Dealing with such large XML documents from a client API can be a pain, however. XML is notoriously finicky with respect to case sensitivity, and I can’t count how many times I’ve been bitten by this when dealing with raw XML and REST APIs. We would need to assume that documentation exists, and until forms become common in REST APIs, it’s difficult to say that HATEOAS will simply solve all these problems of self-describing APIs.

Instead, we often see REST and other messaging clients, out of convenience, build DTOs as a means of representing the message. But first – what is a message? A message is just data. It’s defined by a header and body, where the header is used by the transport/messaging system and the body is ignored (picture courtesy http://www.eaipatterns.com):

However, messages aren’t types. But what about sharing something like this?

That’s still not terrible, because underneath the covers our message is still just XML or JSON. We use this type as a description or blueprint of our message, because it’s simpler to describe our message in C# terms instead of a looser type like XML or JSON, which are more difficult to describe and use in C#. I’m ignoring dynamic types in .NET – those to me are a bit of a hack in this case. In WCF, proxy classes get generated on the client side, so we’re still not taking an assembly dependency. This isn’t available in REST or other messaging technologies, leaving clients reliant on documentation to “Get it right” – assuming that they don’t make mistakes translating raw XML or JSON into code building raw XML or JSON on the client side.

So what typically happens in a homogenous environment is that data contract assemblies are shared:

image

Both client and server share a contracts assembly, and use the contracts assembly as a description for how to construct and consume the raw messages.

We introduce coupling on the client side with a raw type shared across the server boundary, but it’s up to those building the system to determine if this sort of coupling introduces any potential risks. When we look at coupling, we must always balance risk. If coupling introduces low risk, it might be acceptable (assuming we’re more or less prescient in our future system’s design).

From my experience, as long as the messaging infrastructure doesn’t assume that the message is built from a type and therefore leak those concerns, this sort of model can be a nice compromise in ecosystems where types as blueprints for messages ensures safety in our message construction and consumption. It’s similar to building MVC applications around View Models – they’re a blueprint for building forms, and a means of accepting raw form POSTs. Side note – I found it hilarious that the Rails folks ran into that mass assignment security problem – it’s a problem I’ve never, ever had in MVC.

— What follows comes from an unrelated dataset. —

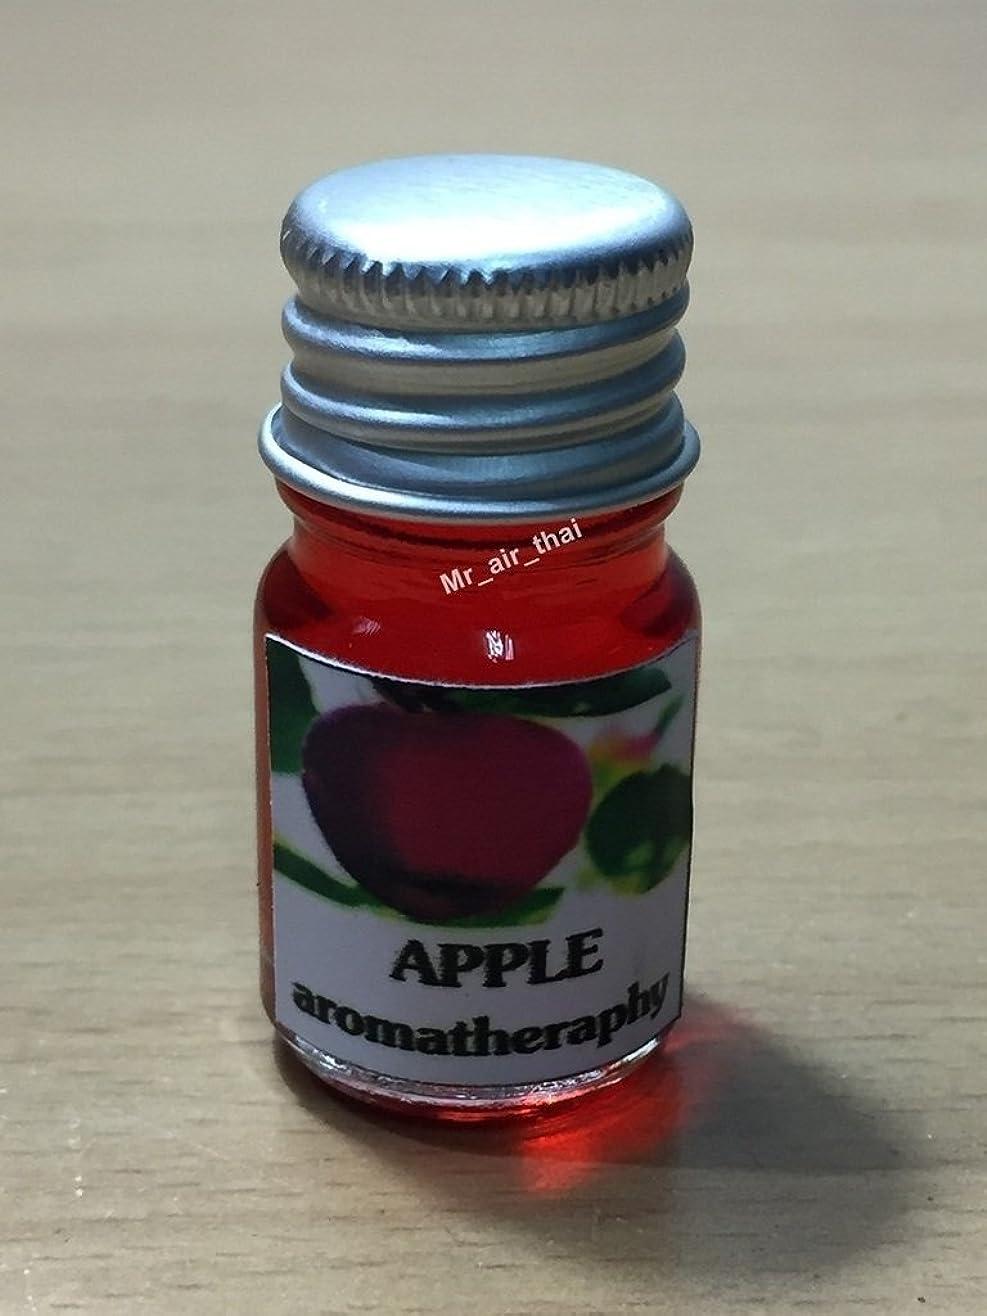 コジオスコトースト寂しい5ミリリットルアロマアップル(赤)フランクインセンスエッセンシャルオイルボトルアロマテラピーオイル自然自然5ml Aroma Apple (red) Frankincense Essential Oil Bottles Aromatherapy Oils natural nature

But that’s the real kicker – our messaging infrastructure can’t assume types, as the message is not the type. We might use a type as a convenience to build and consume, as we do in MVC, but ultimately, our messaging infrastructure can’t assume a type. MVC handles this quite well, with model metadata and its ModelState objects. The original request is always preserved in its raw form (dictionary of strings), but the model provided to the controller action is an approximation of that request.

It’s only when we assume that we’ve literally shared types that we’re going to slip into real type coupling, and everything that SOAP failed to deliver comes back again.